Data Visualization from the Comfort of your Terminal

Data Visualization from the Comfort of your Terminal

在终端中舒适地进行数据可视化

Data visualization from the comfort of your terminal. This document is a showcase & guide to data visualization in the terminal using the xan command line tool. This aspect of the tool is often overlooked because xan is first and foremost a very performant tabular data processing utility, but it can also render a large variety of typical data visualizations directly in your terminal. 在终端中舒适地进行数据可视化。本文档是使用 xan 命令行工具在终端中进行数据可视化的展示与指南。这一功能往往被忽视,因为 xan 首先是一个高性能的表格数据处理工具,但它同时也能直接在终端中渲染多种典型的数据可视化图表。

This ultimately means you never have to leave the terminal to explore the data you mangle. I say “comfort” and I mean it ;). xan will have processed and rendered your data in the terminal long before you are able to spin up your Jupyter instance and import pandas & matplotlib. No cruft. No distraction. Just raw insights, like it’s still 1970 and all you have is ASCII art, now with (true) ✨colors✨ and Unicode support (braille characters are a godsend). 这意味着你无需离开终端即可探索你所处理的数据。我说“舒适”是认真的 ;) 。在你启动 Jupyter 实例并导入 pandasmatplotlib 之前,xan 早已在终端中处理并渲染好了你的数据。没有冗余,没有干扰。
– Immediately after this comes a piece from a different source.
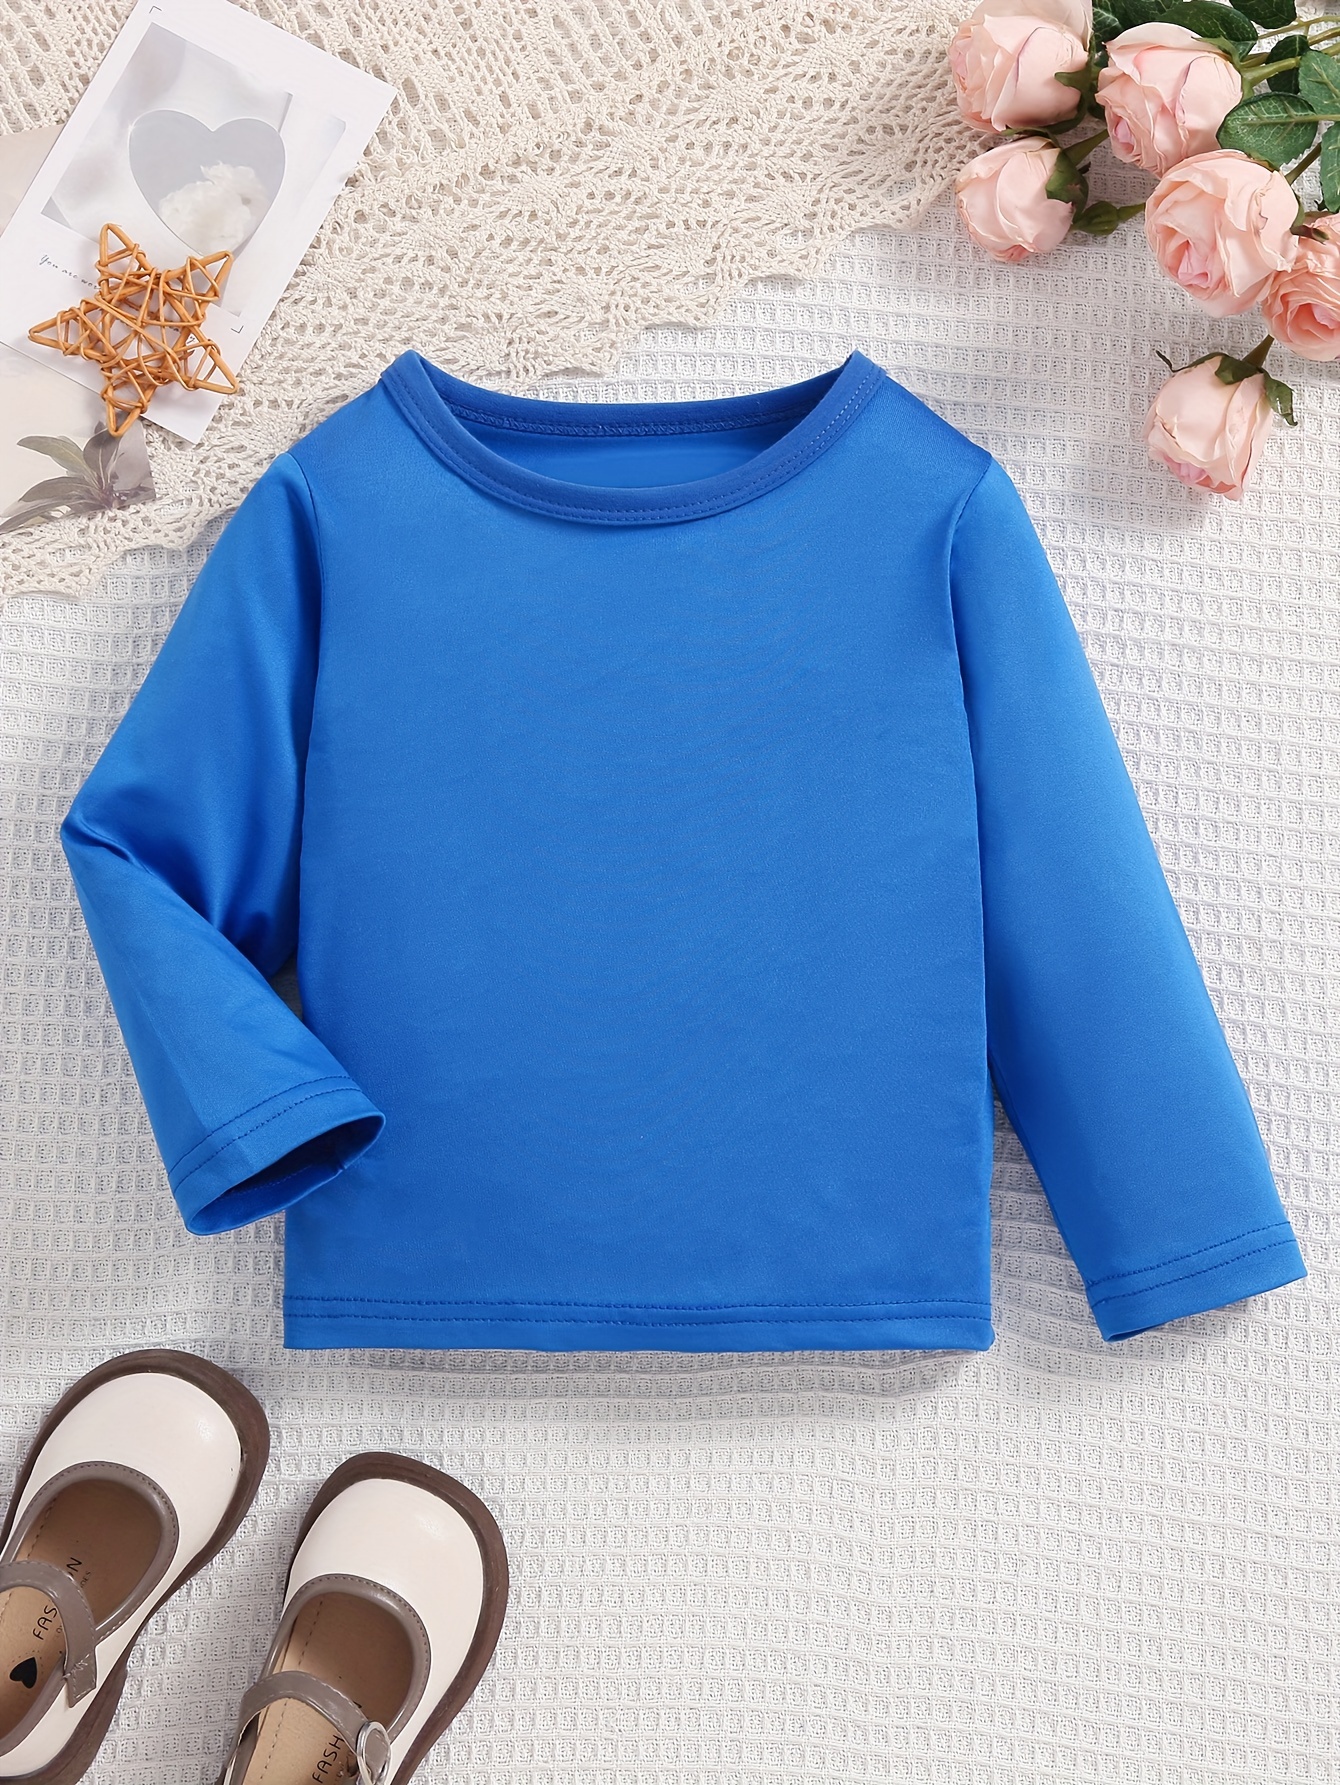 Girls All-match Solid Long Sleeve Undershirts, Toddler's Crew Neck Casual  T-shirt Top

只有原始的洞察力,就像回到 1970 年代,虽然只有 ASCII 艺术,但现在有了(真正的)✨色彩✨和 Unicode 支持(盲文点字字符简直是天赐之物)。

Downloading the datasets used in this guide

下载本指南中使用的数据集

You can download all datasets used throughout this guide as a single tarball: 你可以将本指南中使用的所有数据集作为一个压缩包下载:

curl -LO https://github.com/medialab/xan/raw/refs/heads/master/docs/cookbook/resources/dataviz.tar.gz
tar -xvzf dataviz.tar.gz

Here is the list of files you will find inside the tarball (~10MB): 以下是压缩包内包含的文件列表(约 10MB):

  • clusters.csv: x and y positions of nodes in a graph containing 5 well-defined clusters, as inferred by the ForceAtlas2 layout algorithm.
  • clusters.csv: 通过 ForceAtlas2 布局算法推断出的包含 5 个明确聚类的图表中节点的 x 和 y 坐标。
  • iris.csv: the famous “Iris” dataset, used in a lot of machine learning examples.
  • iris.csv: 著名的“鸢尾花”数据集,常用于机器学习示例。
  • layout.csv: x and y positions of a sample of accounts from a French defunct social network, as inferred by the ForceAltas2 layout algorithm.
  • layout.csv: 通过 ForceAltas2 布局算法推断出的法国某已倒闭社交网络中部分账户的 x 和 y 坐标。
  • les-miserables.csv: edges from a graph of characters from the novel “Les Misérables” by Victor Hugo.
  • les-miserables.csv: 维克多·雨果小说《悲惨世界》中人物关系图的边数据。
  • medias.csv: a curated corpus of French medias online.
  • medias.csv: 精选的法国在线媒体语料库。
  • pulsar.csv: data from the pulsar plot from the article “Radio Observations of the Pulse Profiles and Dispersion Measures of Twelve Pulsars by Harold D. Carft, Jr. 1970” (original data).
  • pulsar.csv: 来自 Harold D. Carft, Jr. 1970 年文章《十二颗脉冲星的脉冲轮廓和色散测量的无线电观测》中的脉冲星绘图数据(原始数据)。
  • series.csv: time series related from RIAA about music distribution formats in time and their associated gross revenues.
  • series.csv: RIAA 关于音乐发行格式随时间变化及其相关总收入的时间序列数据。
  • sotu.csv: retranscription of U.S. state of the union speeches across time (1790 to 2018) (original data).
  • sotu.csv: 美国国情咨文演讲的历史转录(1790 年至 2018 年)(原始数据)。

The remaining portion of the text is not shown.